# Obedience/Schutzhund trainer in Pensacola?



## SophieGSD

Hey guys. I'm looking for a trainer in Pensacola, FL. I'd like to get Sophie more disciplined in obedience by a professional, and then possibly move on to schutzhund.

I live in the Warrington/Pensacola area of Florida. We'll be here for a year or so.
Thanks!


----------



## mycobraracr

PLease post if you find anythning. I have a friend looking for a schutzhund club/trainer around the same area. She has not found anyone decent. Thanks


----------



## SophieGSD

I'm having the same problem. Apparently the trainers around here are getting bad reviews.


----------



## Perdido

*Pensacola - Bonifay Florida Trainers*

FL Panhandle Trainers...
Reggie Bruster, owner of Your Dog's Business in Pensacola, is a ex -K-9 handler... and now works full time as a trainer... 

About-Us Pensacola, Fl

Also 

There is a new Panhandle Schutzhund Club forming in Bonifay, FL. 
Harry Hamilton, [email protected] , is an ex-K-9 Police Dog handler. Their initial trial is set for Nov. 15th, 2013 at 7 am I believe. 

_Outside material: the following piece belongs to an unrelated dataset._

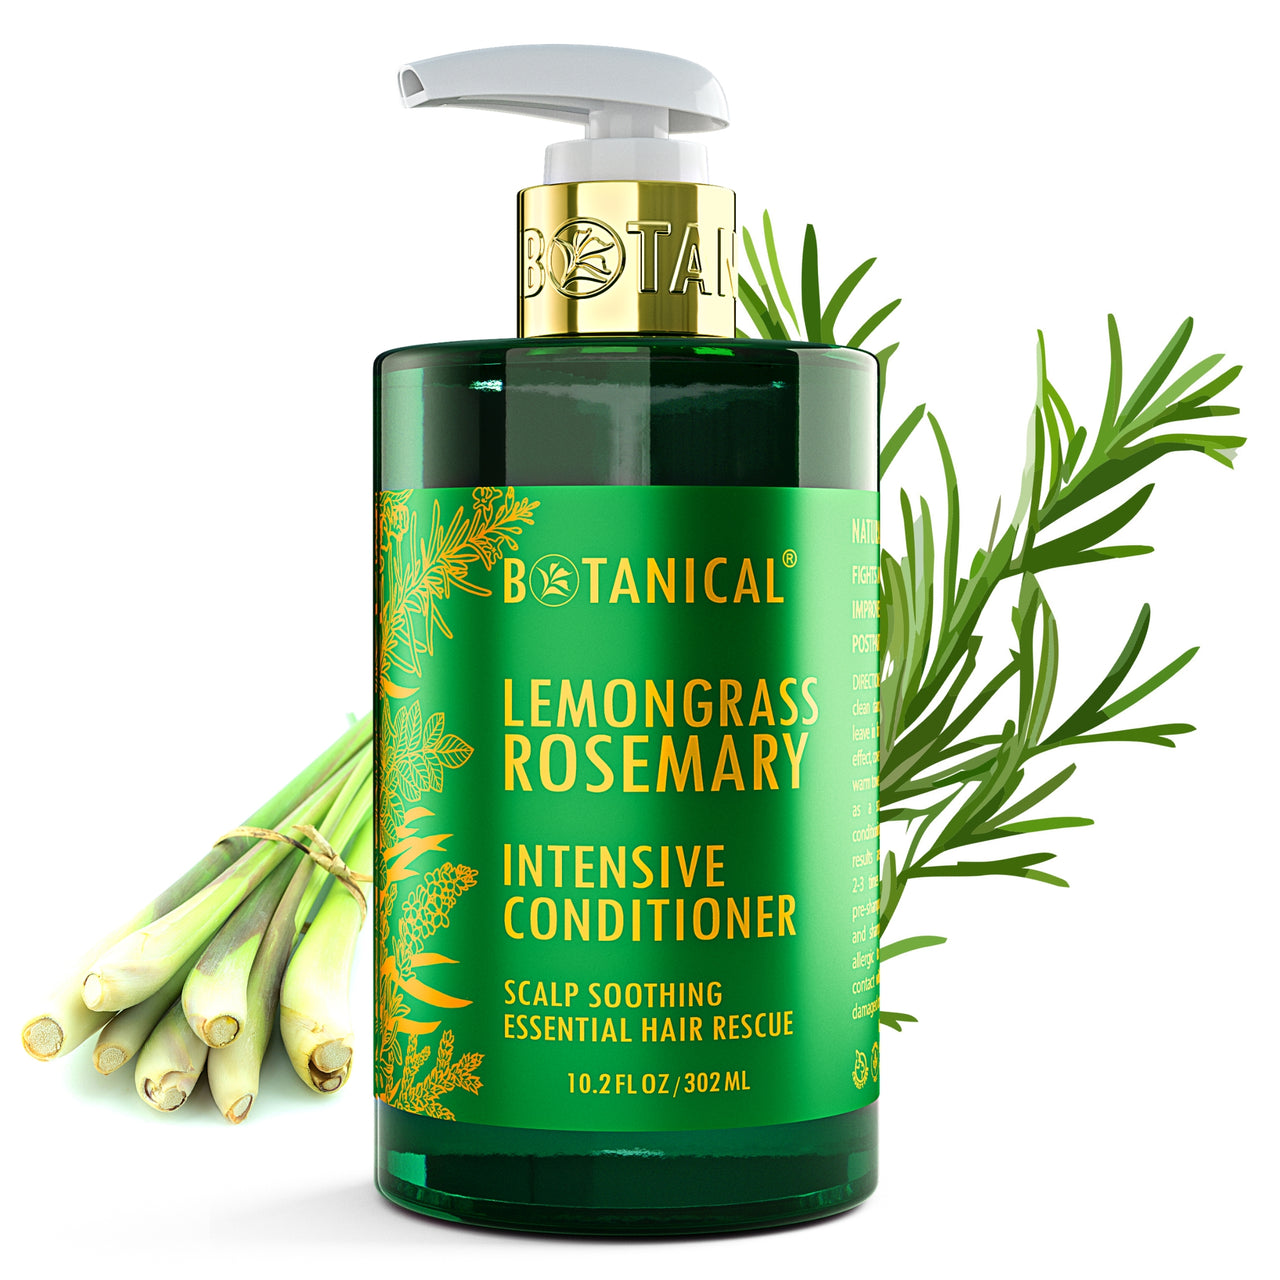 Lemongrass & Rosemary Conditioner For Thinning Hair - Scalp Soothing - 10.2 Fl Oz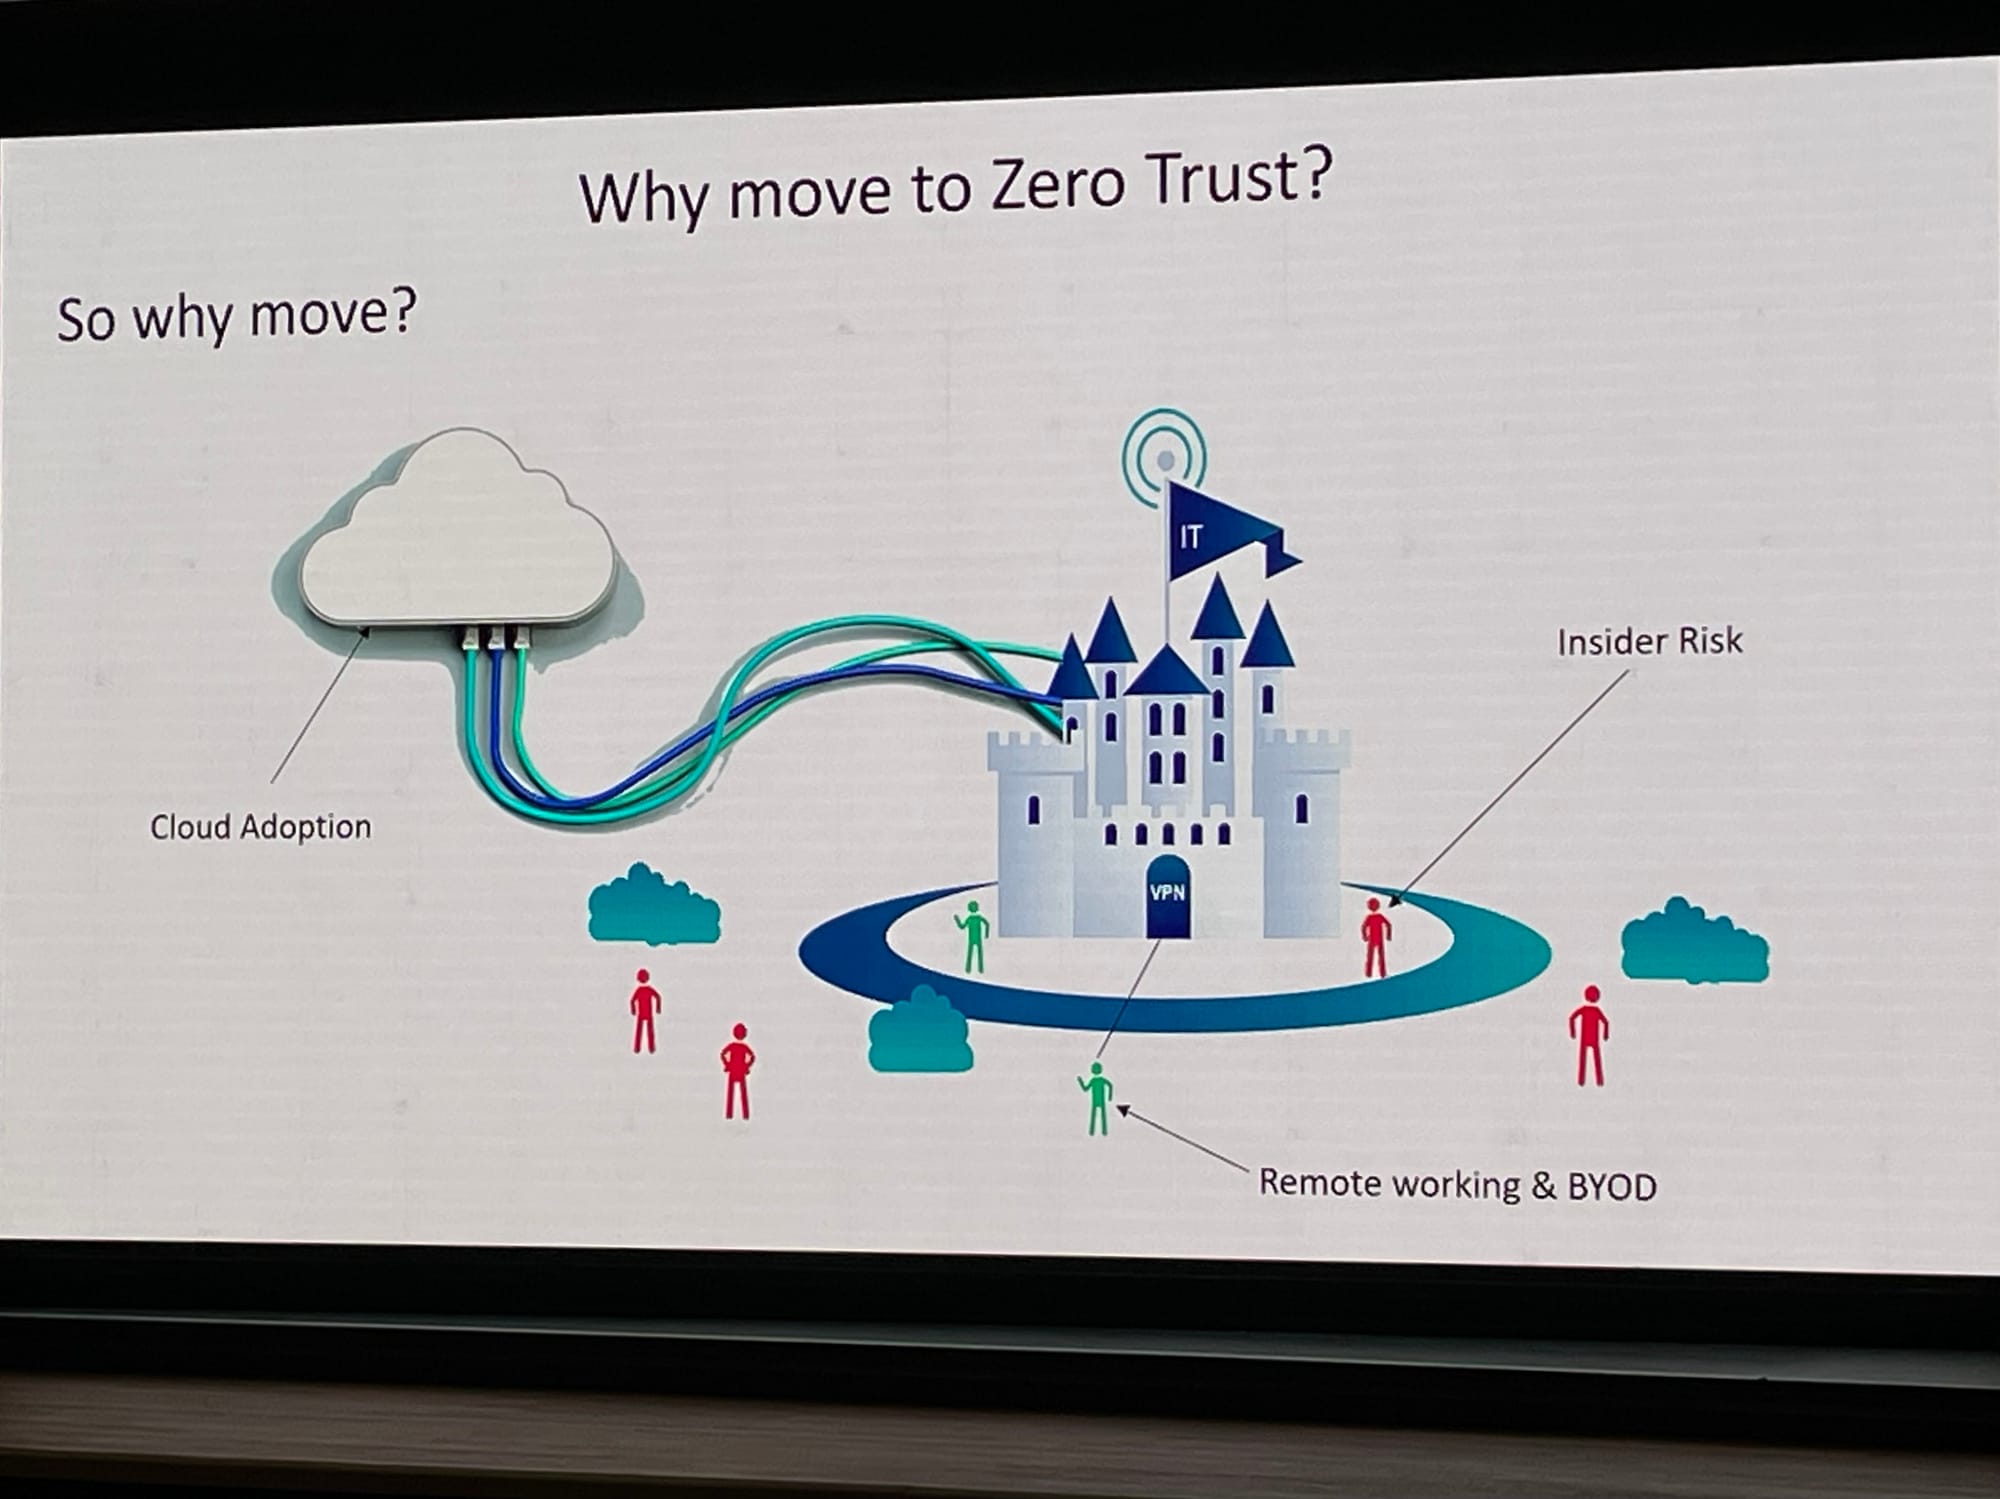 We're moving away from the 'moat and castle' towards a 'zero trust world'

I visited them a couple of time and was impressed with the practice their dogs displayed. Harry's number is 850-547-1212.

David


----------



## Powerfulmind

Did you find any good Schutz classes? 

Sent from Petguide.com Free App


----------



## wyoung2153

Perdido said:


> FL Panhandle Trainers...
> Reggie Bruster, owner of Your Dog's Business in Pensacola, is a ex -K-9 handler... and now works full time as a trainer...
> 
> About-Us Pensacola, Fl
> 
> Also
> 
> There is a new Panhandle Schutzhund Club forming in Bonifay, FL.
> Harry Hamilton, [email protected] , is an ex-K-9 Police Dog handler. Their initial trial is set for Nov. 15th, 2013 at 7 am I believe.
> 
> I visited them a couple of time and was impressed with the practice their dogs displayed. Harry's number is 850-547-1212.
> 
> David


Anything come of that club? Or did the OP try it? I have a friend looking at that place, I THINK. He didn't know the name of it. I'm very intrigued by it..


----------



## middleofnowhere

Go to the DVG America website - on the left, scroll down to clubs, select SE, select FL. Lots of clubs in FL. They should be able to recommend trainers.


----------



## gshepherd

Hey I know this I am way late to the party, just curious if anyone came up with any results or has any suggestions?


----------